Locating the Coordinator
DNS?
Authentication
Users
See Security for the current proposal. Briefly, clients/users will provide a secret to the Coordinator which the Coordinator will verify and issue a token. Users must provide this token on RAMCloud requests which the Master will confirm with the Coordinator (and cache).

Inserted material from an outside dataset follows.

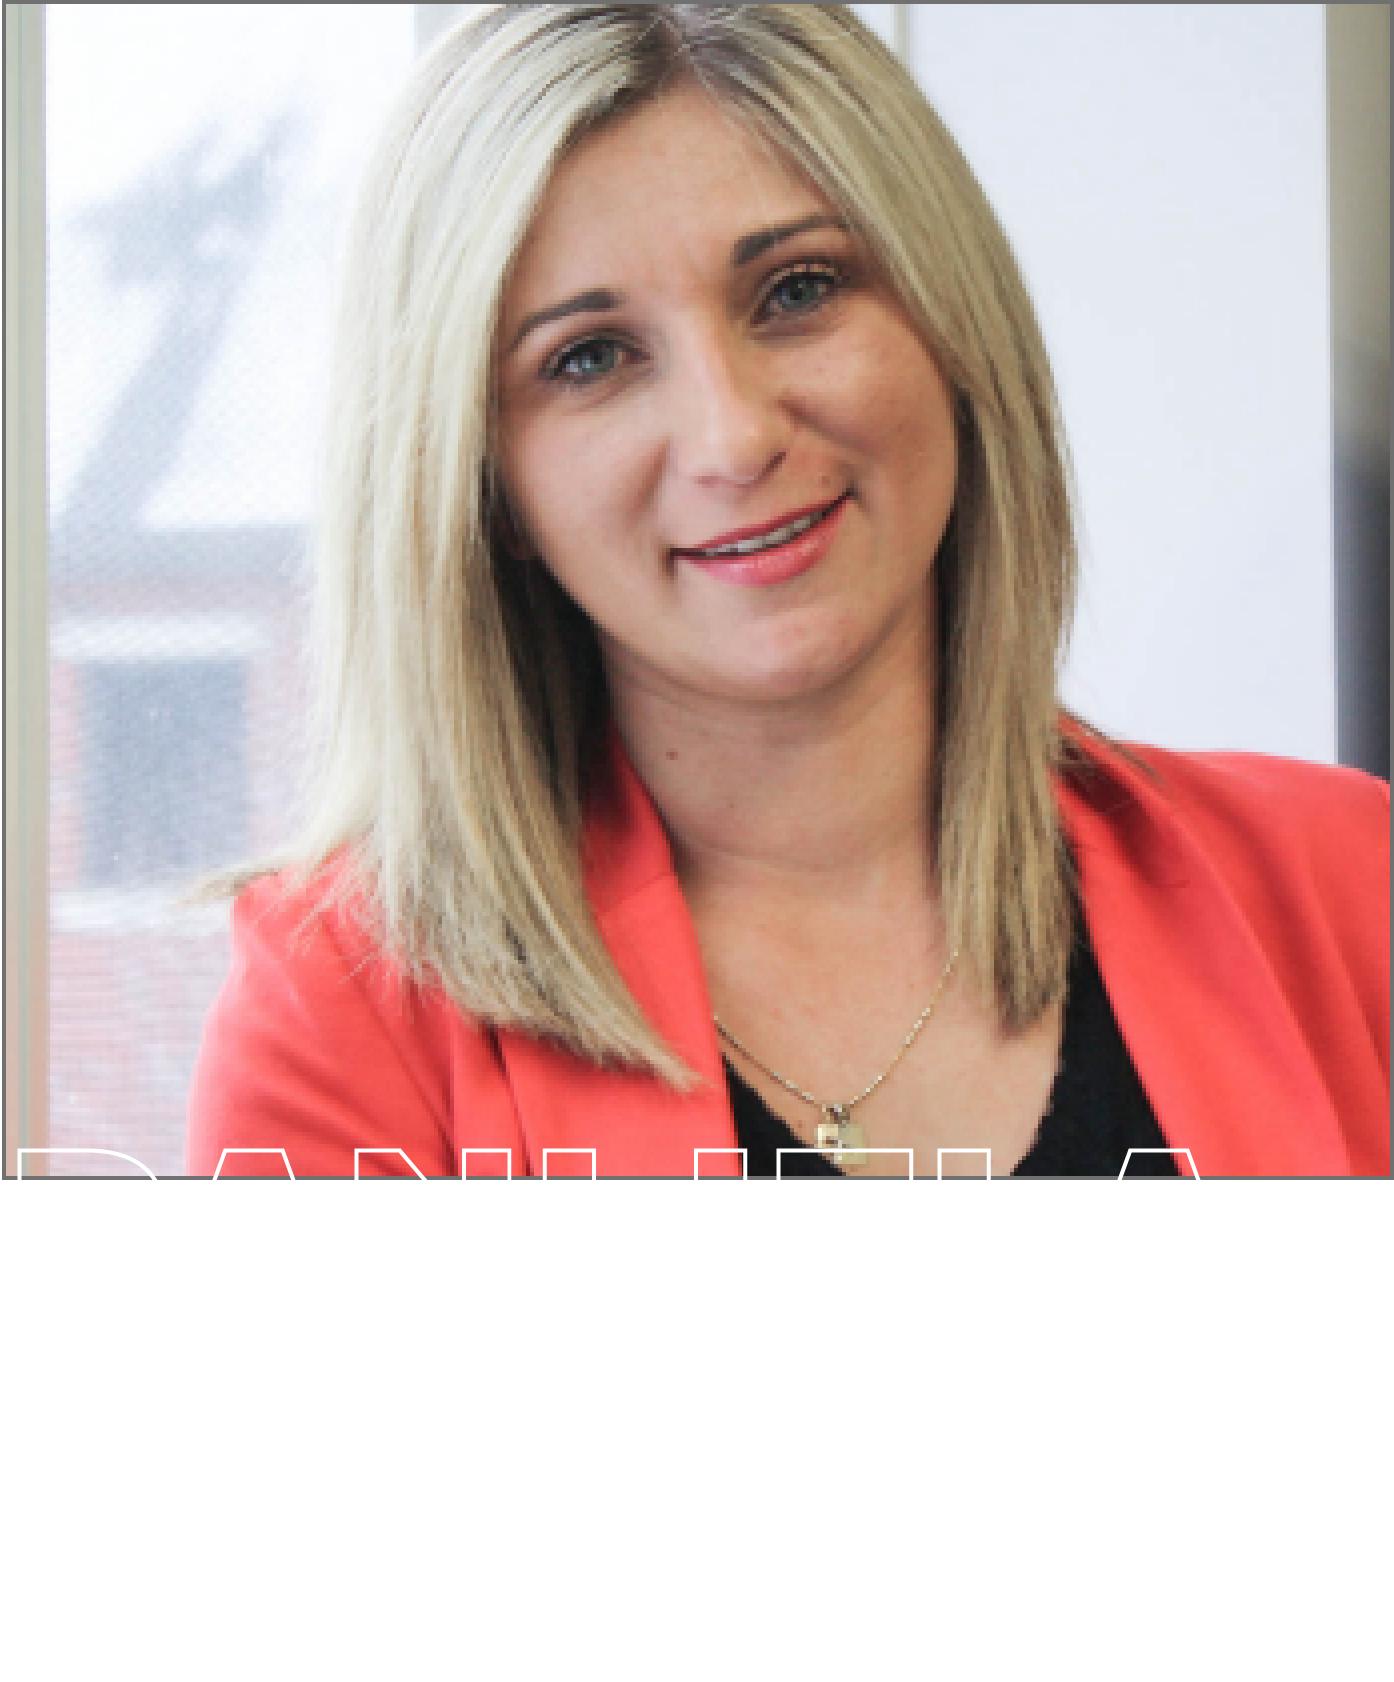 Danijela Covic

The Coordinator stores (persistent) a shared secret with the users. It also houses the tokens (soft state), we may want some persistence on this to keep from flooding a new Coordinator with authentication requests after a Coordinator recovery.
ACLs/Workspaces
For the moment access to a Workspace is all or nothing (or perhaps even conflated with the user) hence the Coordinator stores (persistent) a list of workspaces the user owns (or in the conflated case, the secret associated with each Workspace).
Servers
Master -> Coordinator
This step helps us with naming later as well. Since Masters must authenticate to the Coordinator and it assigns the Master roles it can then slot the Master into its naming tables (soft state).
Backup -> Coordinator
Master -> Backup
Problem: A Master may disclose data to a non-RAMCloud machine if a machine a machine address is reallocated for use as a non-RAMCloud machine. Possible solutions: ignore it or encrypt data.
Naming
A lookup table of logical hosts to (soft state) RPC addresses.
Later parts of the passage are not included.